Thread: Big data INSERT optimization - ExclusiveLock on extension of the table

Big data INSERT optimization - ExclusiveLock on extension of the table

From

pinker

Date:

17 August 2016, 14:45:11

Hi,
the problem I'm dealing with is long holding locks during extensions of
table:
process xxx still waiting for ExclusiveLock on extension of relation xxx of
database xxx after 3000.158 ms
My application is write intensive, in one round I need to insert about 1M
rows. The general scheme of the process looks as follows:
1. rename table t01 to t02
2. insert into t02 1M rows in chunks for about 100k
3. from t01 (previously loaded table) insert data through stored procedure
to b01 - this happens parallel in over a dozen sessions
4. truncate t01

Some data:
PostgreSQL version 9.5

commit_delay | 0
| Sets the delay in microseconds between transaction commit and flushing WAL
to disk.
checkpoint_completion_target | 0.9
| Time spent flushing dirty buffers during checkpoint, as fraction of
checkpoint interval
maintenance_work_mem | 2GB
| Sets the maximum memory to be used for maintenance operations.
shared_buffers | 2GB

wal_block_size | 8192
| Shows the block size in the write ahead log.
wal_buffers | 16MB
| Sets the number of disk-page buffers in shared memory for WAL.
wal_compression | off
| Compresses full-page writes written in WAL file.
wal_keep_segments | 0
| Sets the number of WAL files held for standby servers.
wal_level | minimal
| Set the level of information written to the WAL.
wal_log_hints | off
| Writes full pages to WAL when first modified after a checkpoint, even for
a non-critical modifications.
wal_receiver_status_interval | 10s
| Sets the maximum interval between WAL receiver status reports to the
primary.
wal_receiver_timeout | 1min
| Sets the maximum wait time to receive data from the primary.
wal_retrieve_retry_interval | 5s
| Sets the time to wait before retrying to retrieve WAL after a failed
attempt.
wal_segment_size | 16MB
| Shows the number of pages per write ahead log segment.
wal_sender_timeout | 1min
| Sets the maximum time to wait for WAL replication.
wal_sync_method | fdatasync
| Selects the method used for forcing WAL updates to disk.
wal_writer_delay | 200ms
| WAL writer sleep time between WAL flushes.
work_mem | 32MB
| Sets the maximum memory to be used for query workspaces.
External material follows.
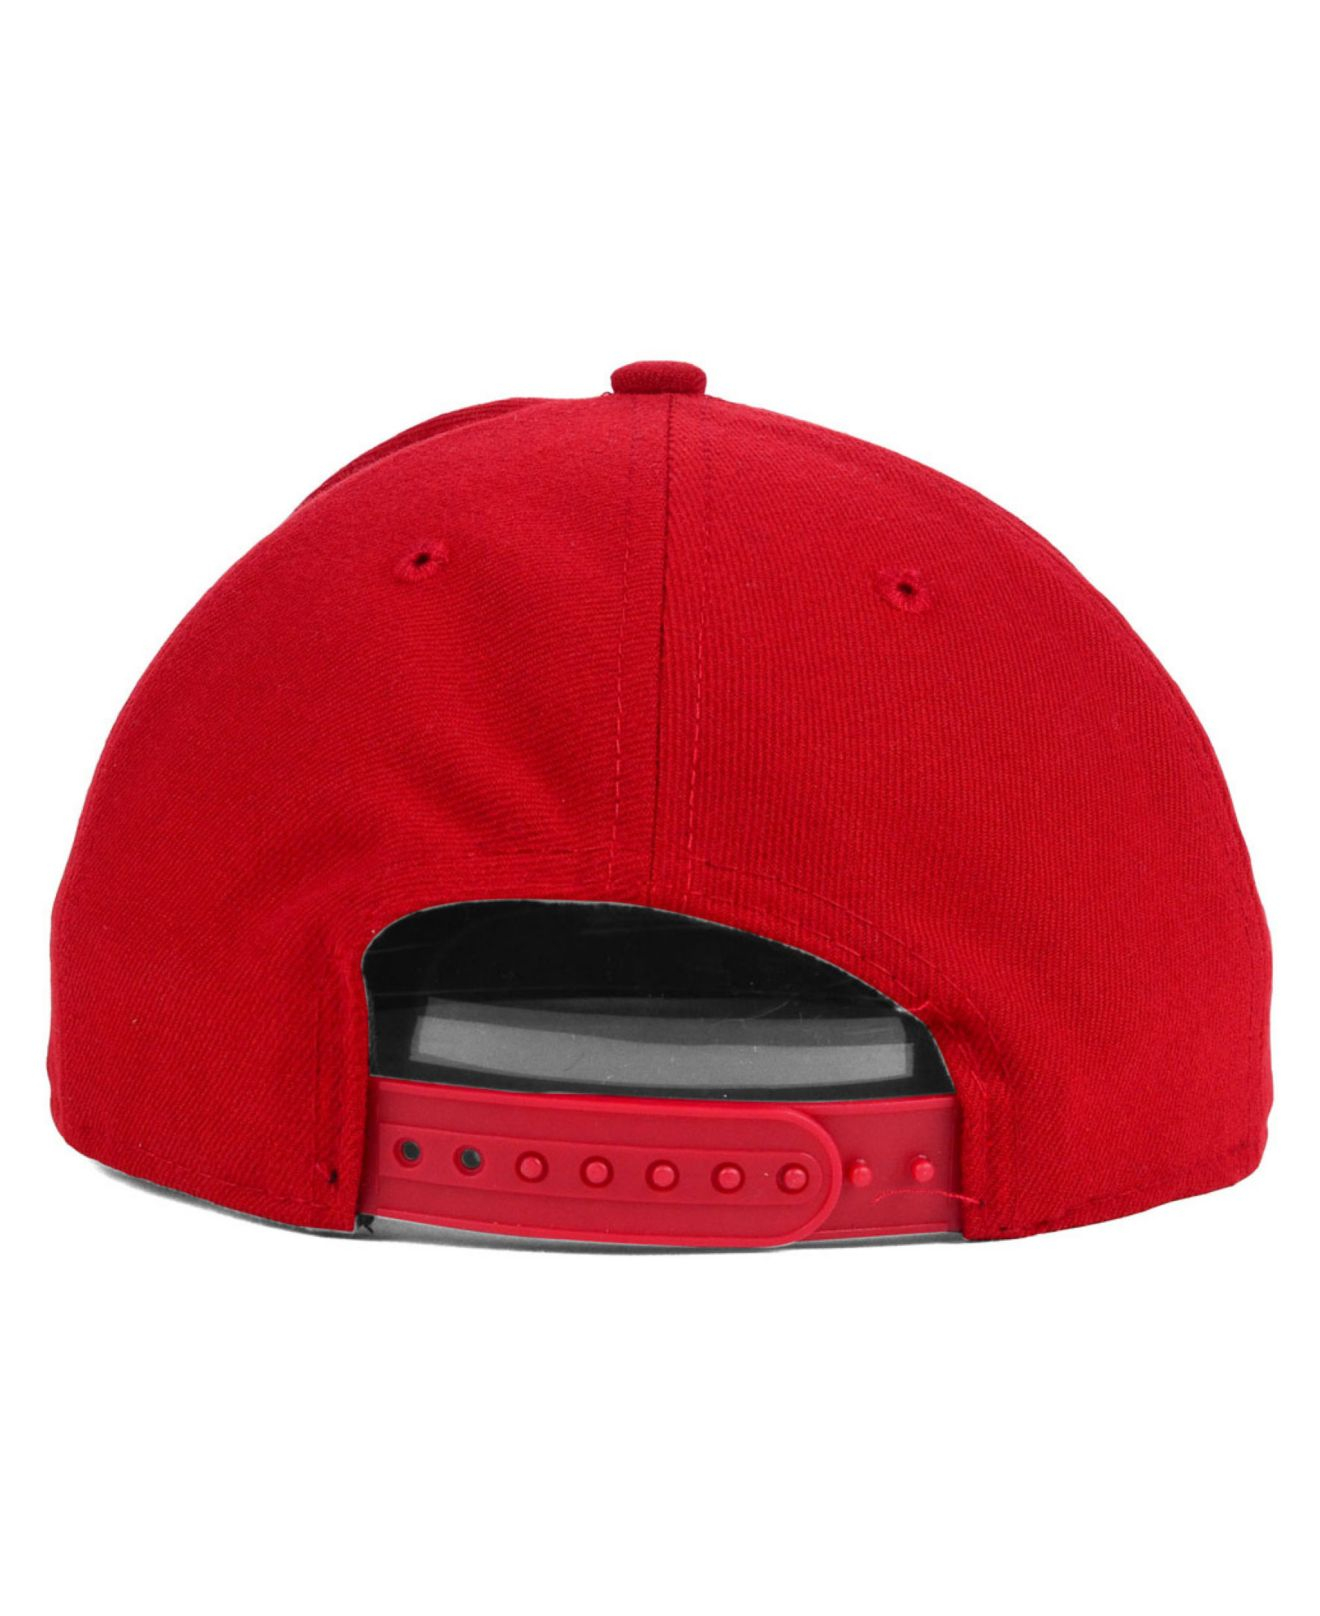 KTZ San Diego Chargers Original Fit 9Fifty Snapback Cap in Red for Men

Checkpoints occur every ~ 30sec.

Following the advices from this mailing list shared buffers size was changed
from 12 to 2GB but nothing has changed.

I'm not sure or my bottleneck is the I/O subsystem or there is anything else
I can do to make it faster? What I came up with is (but I'm not sure if any
of this makes sense):
* change settings for bgwriter/wal?
* make sure huge pages are in use by changing huge_pages parameter to on
* replace truncate with DROP/CREATE command?
* turning off fsync for loading?
* increase commit_delay value?
* move temporary tables to a different tablespace

Your advice or suggestions will be much appreciated.

--
View this message in context:
http://postgresql.nabble.com/Big-data-INSERT-optimization-ExclusiveLock-on-extension-of-the-table-tp5916781.html
Sent from the PostgreSQL - performance mailing list archive at Nabble.com.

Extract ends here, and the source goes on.